Elasticsearch has some built-in mechanism which prevents it from flooding disk with indices data, it's called Disk-based Shard Allocation.
This feature is impact is slightly different for DataCenter edition from the other edition becomes ES runs on several only for the former edition.
When ES runs on a single node, the impact is that ES will make all indices read-only when the 95% (default value) free disk watermark is reached.
When ES runs on multiple nodes, the impact is smoother:
- 85% watermark reached on some ES node: no more shard will be allocated to this node
- 90% watermark reached on some ES node: ES will try and move shard(s) away from this node
- 95% watermark reached on some ES node: now ES will make read-only any index which shared can not be moved away from this node
Freeing disk space is not enough to recover from indices being read-only and restarting SQ (and therefor ES) won't be enough either. Each index must be made read-write back with a command such as:
Because of this, user who got into that situation had no other option than deleting their indices to recover, see:
Two immediate actions should be taken:
- users should be provided with a mean to recover from their indices being read-only without having to delete and rebuild them
- rebuilding the indices can be very costly
- it's too strong a punishment for what could be just a transitive or accidental lack of disk
- documentation should be updated to inform users
We are currently using ES default free disk watermark setting values (85%, 90% and 95%). While there is no reason to disable this feature (ES offers this option), these values probably do not make sense in some (many?) situations. Eg.:
- SQ ES indices are barely taking 1Gb on disk. They have been made read-only on my personal computer because I've reached the 85% watermark of a 70Gb disk but I have 9Gb left!

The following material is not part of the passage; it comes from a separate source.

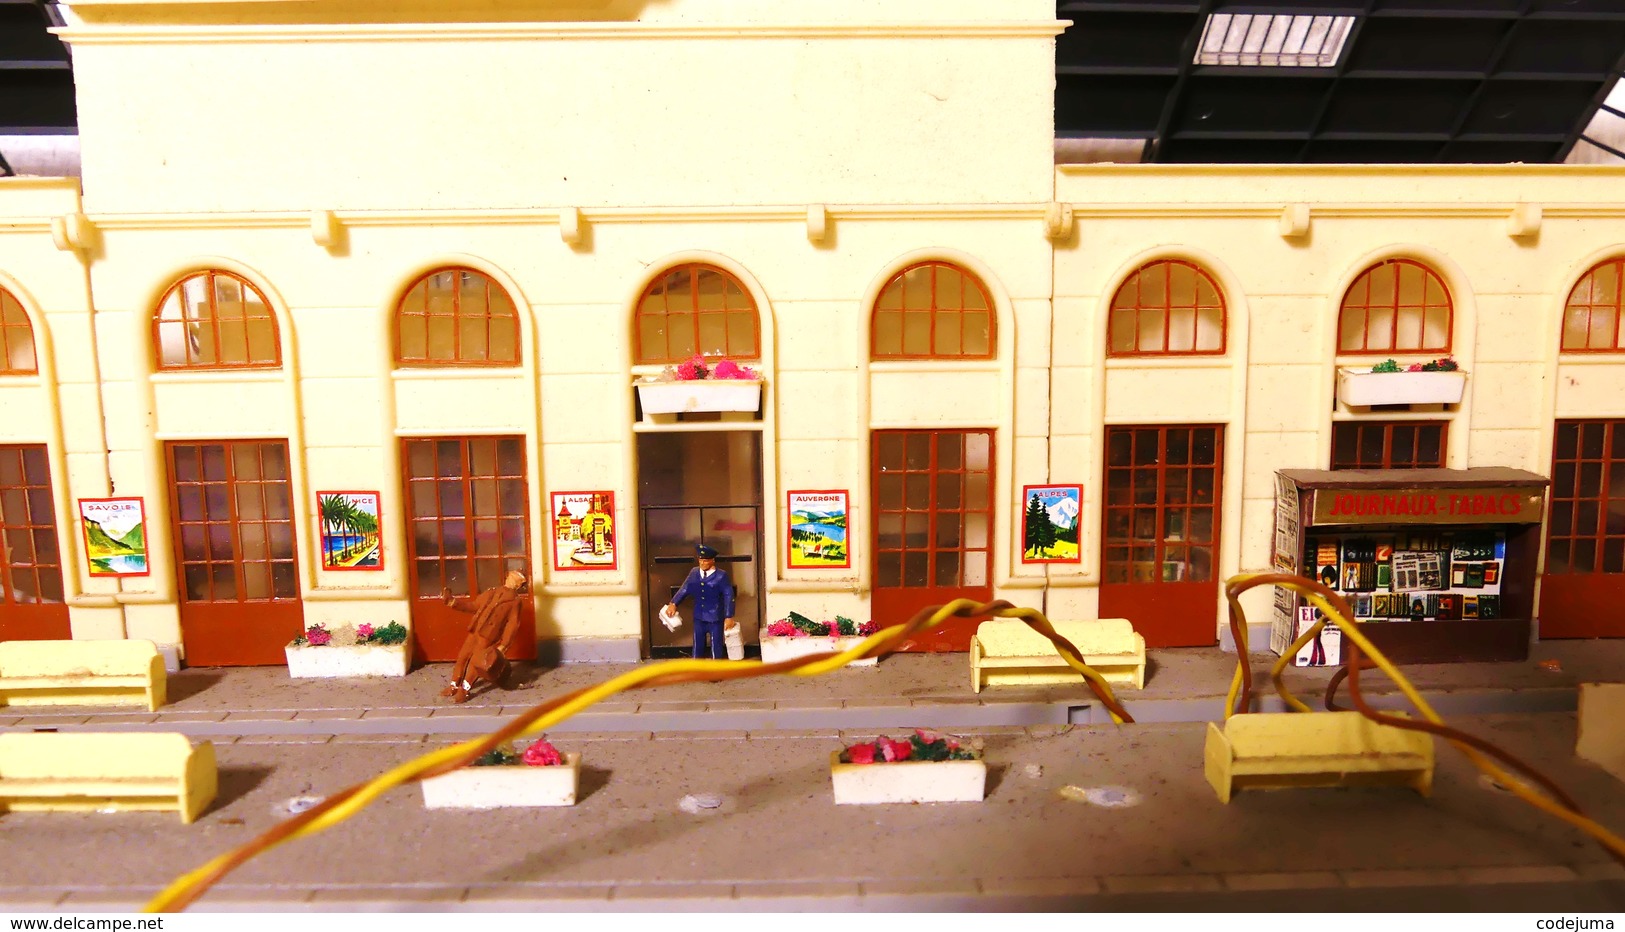 Gare pour train miniature jouef

- I have a huge enterprise machine with 1TB of disk, ES indices will be made read-only while I still have 150Gb of free disk!
Shall we offer the possibility to configure the watermark thresholds (they can be percentages or byte values)? Should SQ override them based on some algorithm?
At SQ startup, reset any index which would be read-only.
If there is still no free disk, ES will either put the indices back into read-only or reject the reset. This should be confirmed.
Requirements for 15% free disk was [added recently|https://github.com/SonarSource/sonar-enterprise/commit/4b3e712a29fe14a48d6646372783b9e12071163d].
Documentation should be completed to:
- mention how to recover from read-only indices?
- mention the behavior for the DataCenter edition?
- mention how to tune Disk-based Shard Allocation in SQ?